Нора, сидя за кассой, нервничала, прислушивалась, но она никогда не бывала в деревнях под Алессандрией и ничего попить не могла. Я даже налил другу в чашку запретного виски. Он рассказал мне, что дома был возчиком, рассказал о делениях, которые объездил, рассказал, почему приехал в Америку.
– Знал бы я, что здесь пьют это дерьмо… Ничего не скажешь – согревает, только стоящего вина здесь нет.
– Ничего здесь нет,– сказал я ему,– здесь как на луне. Нора раздраженно поправляла прическу. Повернув свое вращающееся кресло, она включила радио – передавали танцевальную музыку. Мой приятель пожал плечами, наклонился к стойке и сказал мне, показывая рукой в ее сторону:
– А тебе эти женщины нравятся?
Я провел по стойке тряпкой и ответил:
– Мы сами виноваты, что приехали. Для них эта страна – родной дом.
Он стоял и молча слушал радио. Мне в этой музыке слышалось все то же кваканье лягушек. Нора, надувшись, с презрением разглядывала его спину.
– Все здесь как эта музыка,– сказал он.– Разве с нашей сравнится? Совсем они не умеют играть.

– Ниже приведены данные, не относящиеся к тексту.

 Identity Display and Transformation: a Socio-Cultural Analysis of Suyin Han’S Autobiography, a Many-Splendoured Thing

И он рассказал мпе о прошлогоднем состязании в Ницце-Монферрато, когда собрались оркестры отовсюду: из Кортемилии, из Сан-Марцано, из Канелли, из Нейве. Играли без конца, а народ не расходился, пришлось перенести на другой день скачки, даже приходский священник слушал, как играли танцы; вино пили, только чтоб силы поддержать, в полночь еще продолжали играть, а победителем вышел Тиберио, из оркестра в Нейве. Но прежде немало поспорили, поругались, кое-кому попало бутылкой по голове. Сам-то он считал, что премию заслужил другой, Нуто из Сальто…
– Нуто? Да я его знаю!
И тогда земляк рассказал мне, каким стал Нуто и чем занимается. Он рассказал, что в ту самую ночь, чтобы показать невеждам, что такое настоящая музыка, Нуто вышел на дорогу со своим оркестром и играл, не умолкая, до самой Каламандраны. Мой приятель ехал за музыкантами на своем велосипеде, ночь была лунная, а играли так, что женщины в домах вскакивали с постелей, подходили к окнам, хлопали в ладоши, и тогда оркестр останавливался, исполнял новую мелодию. Нуто шагал посредине, его кларнет задавал тон.

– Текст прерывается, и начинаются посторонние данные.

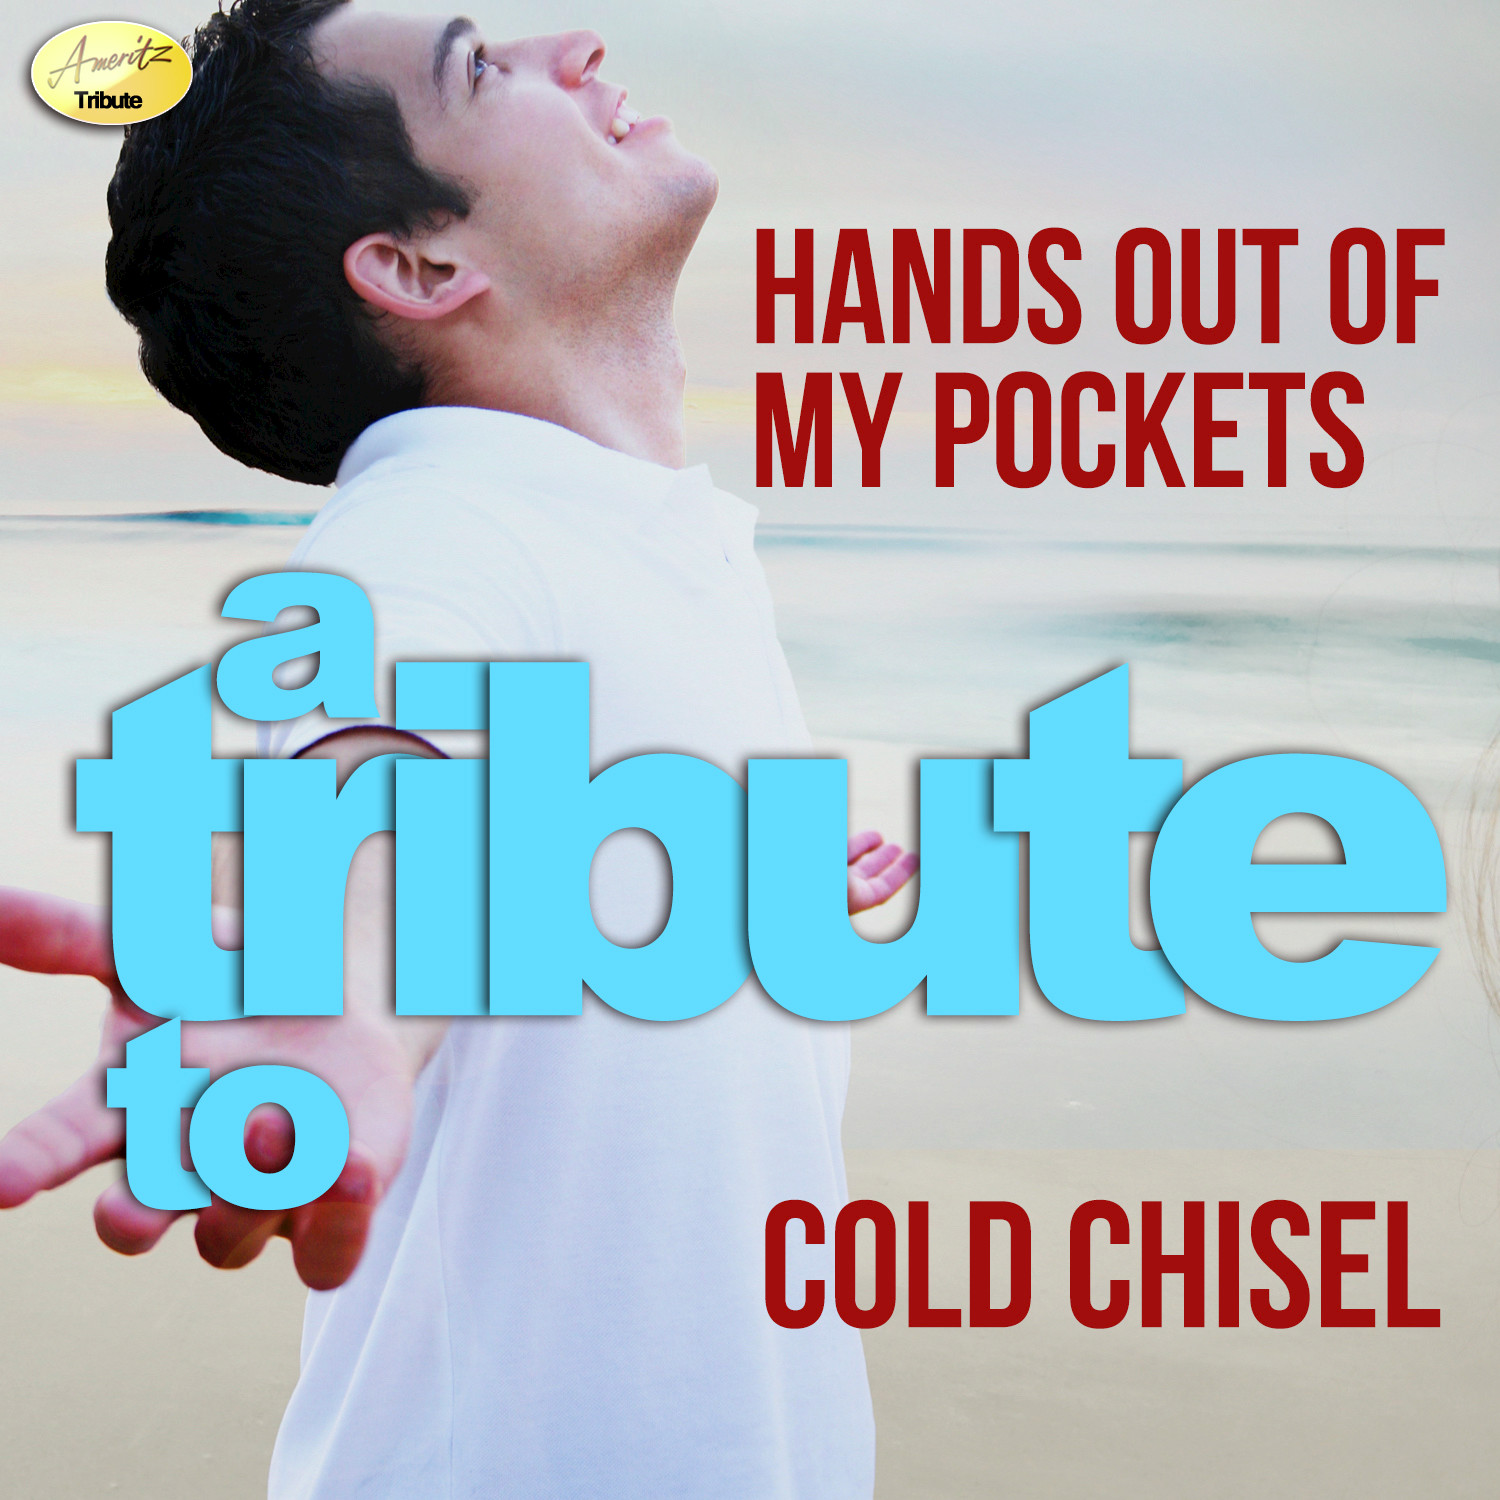 Hands out of My Pocket - A Tribute to Cold Chisel

Нора потребовала, чтобы машина перестала сигналить. Я налил приятелю еще стопку и спросил, когда он вернется в Буббио.
– Я бы хоть завтра вернулся,– сказал он.– Если бы только мог…
В ту ночь, прежде чем спуститься в Окленд, я присел на траве, подальше от дороги, по которой мчались машины, и закурил сигарету. Ночь была безлунная, но в небе пропасть звезд, не меньше, чем лягушек и цикад, не умолкавших ни на миг. Если бы Нора в ту ночь дала повалить себя на траву, мне и этого было бы мало. Все равно не умолкли бы лягушки, все равно доносился бы скрежет машин, переключавших скорость перед спуском, все равно не кончилась бы Америка, все равно гудели бы ее дороги, все равно сверкали бы огнями города ее побережья.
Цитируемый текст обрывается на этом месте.